The National Association of Chiefs of Police (NACP) is finding similar recruiting problems in agencies large and small. They’ve issued a study: “The State of Recruitment: A Crisis for Law Enforcement.” They highlight the obvious problems with recruiting, including the perceived lack of political and department support for officers. The group says 78 percent of departments report having trouble recruiting qualified candidates.

KTTH AM 770 radio host Jason Rantz, continues to believe there is a problem with hiring in Seattle, and often discusses the issue on the radio and in his columns at Many current and retired officers, including yours truly, have commented to Jason on his radio program about how dismal officer hiring and retention have been in that city.

Other strategies reported by Full Measure are lowering hiring standards and offering financial incentives. Lowering standards includes of educational requirements and recent drug use. San Francisco P.D. now allows remote (online) testing and interviews. Dallas, San Diego, and several other cities have increased pay. For example, Indianapolis P.D. increased its pay from 39K to $51K for new officers, and they also offer referral bonuses.

When I was still active, Seattle was offering referral bonuses, such as a free day off, for referring recruits that the department hired. Now, Seattle is reportedly giving bonuses of $7,500 for recruits and $15,000 for lateral transfers from other agencies.

Now, with the Wuhan coronavirus pandemic, people may be even less inclined to get into a profession where the risk of infection is increased.

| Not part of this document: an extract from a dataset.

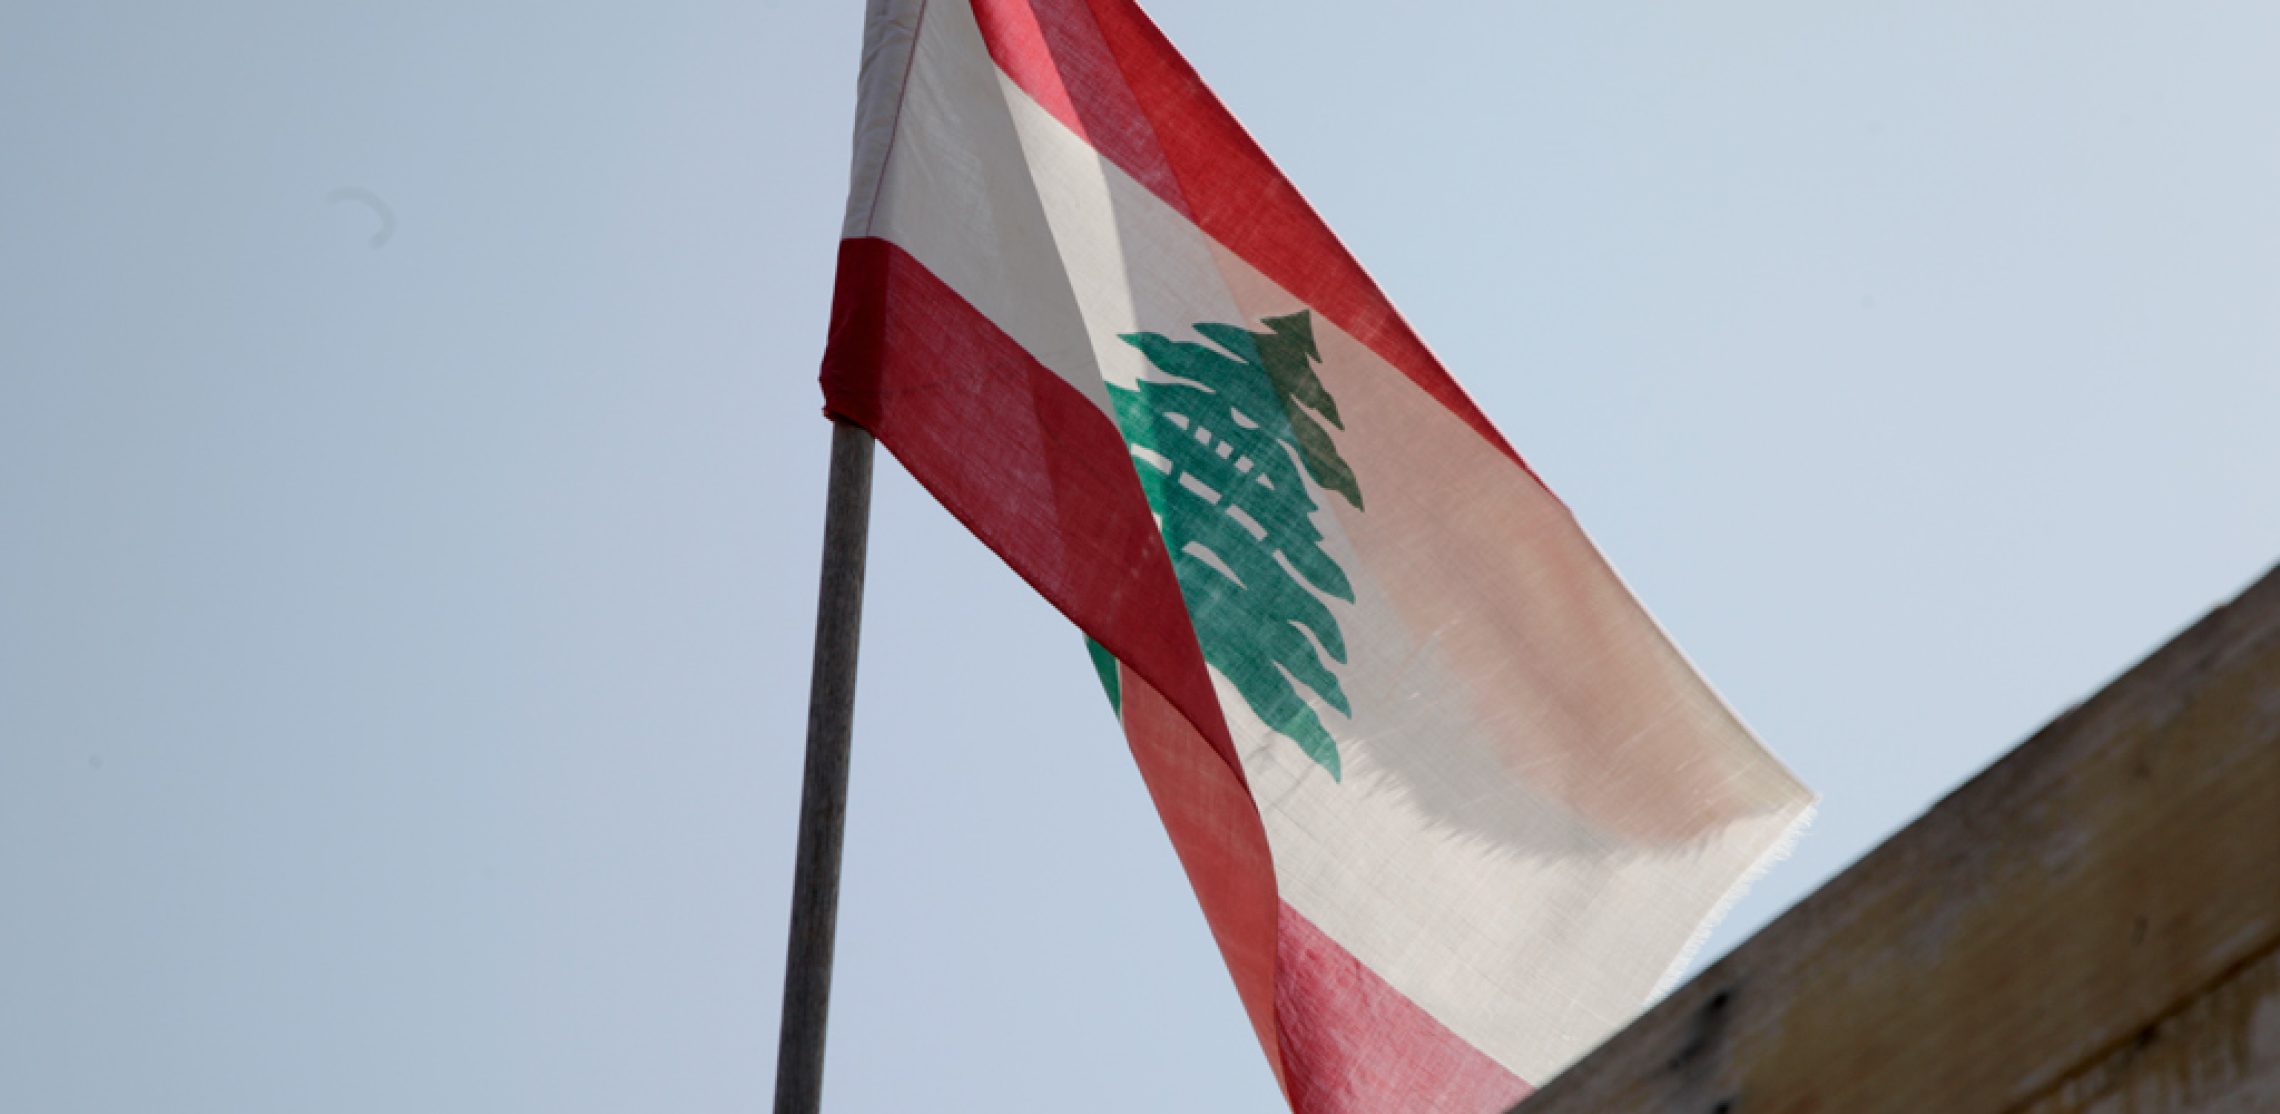 Kein Wappentier, sondern eine mächtige Zeder ist das traditionelle Emblem des Libanon

For example, is reporting 152 Detroit cops have been quarantined with five having tested positive. What happens if a significant number of first responders are taken out of service? Nothing good. But let’s hope for the best, prepare for the worst, and try to finish up on a positive note.

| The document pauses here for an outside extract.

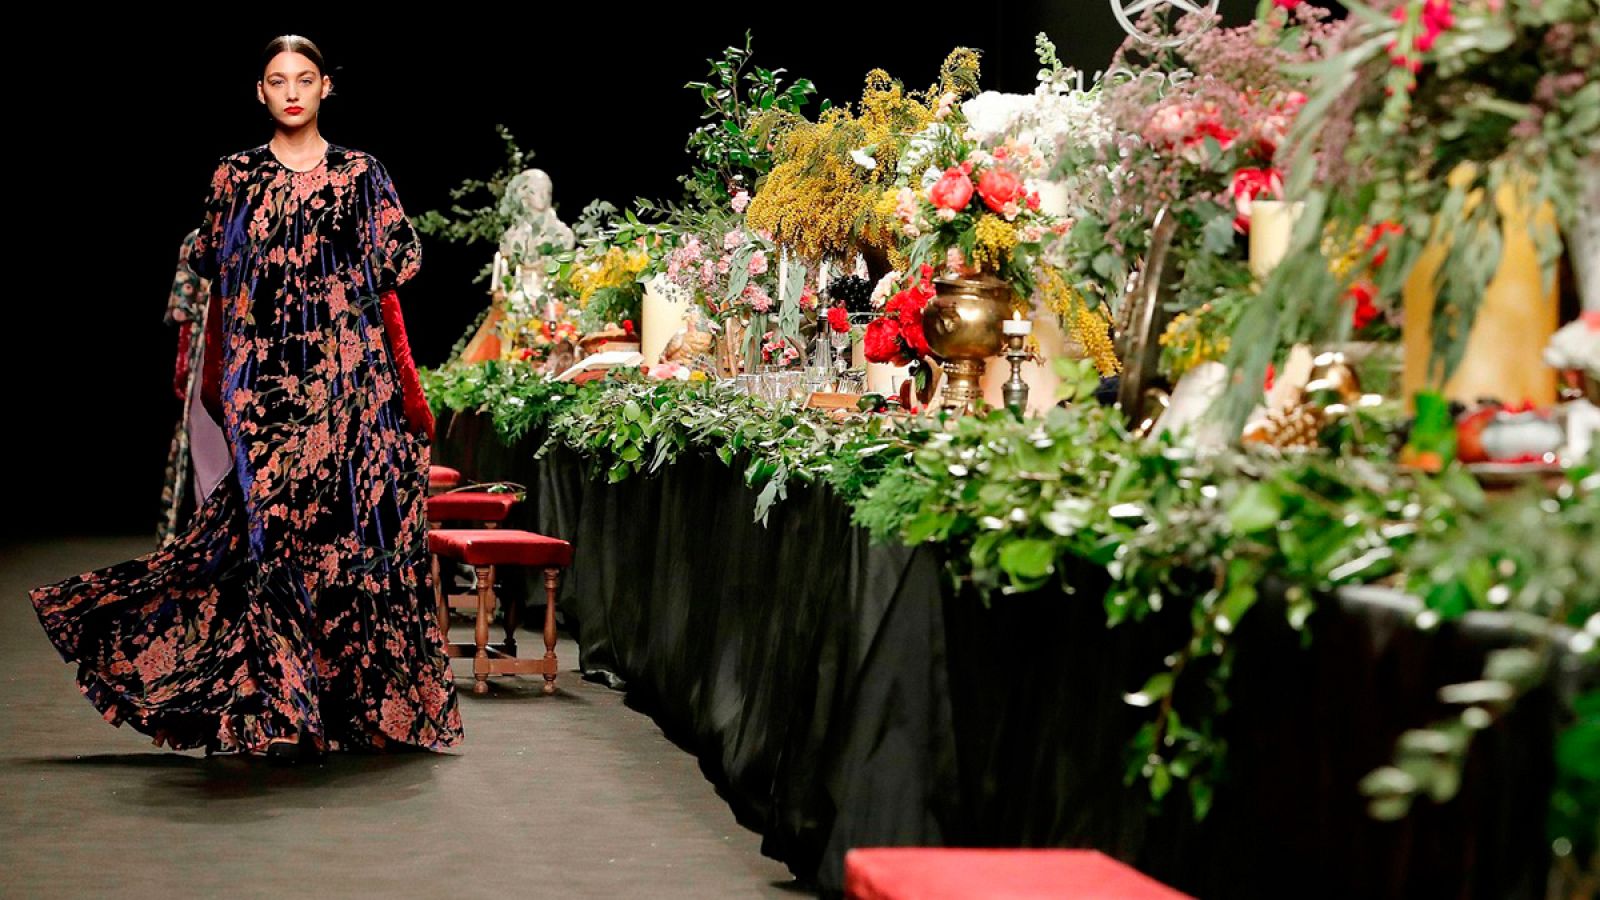 Las flores inundan la colección del modista Juan Duyos.

Attkisson concluded the Full Measure segment with an encouraging story. Crystal, a recruit at Frederick County, MD., who is female and black (hardest folks to recruit), had previously tested but did not pass one requirement: push-ups. Undaunted, she came back during another recruiting process and gave the physical agility session another shot. Both her husband, a corrections officer, and Sheriff Jenkins were actively rooting for her to pass. This time… she did!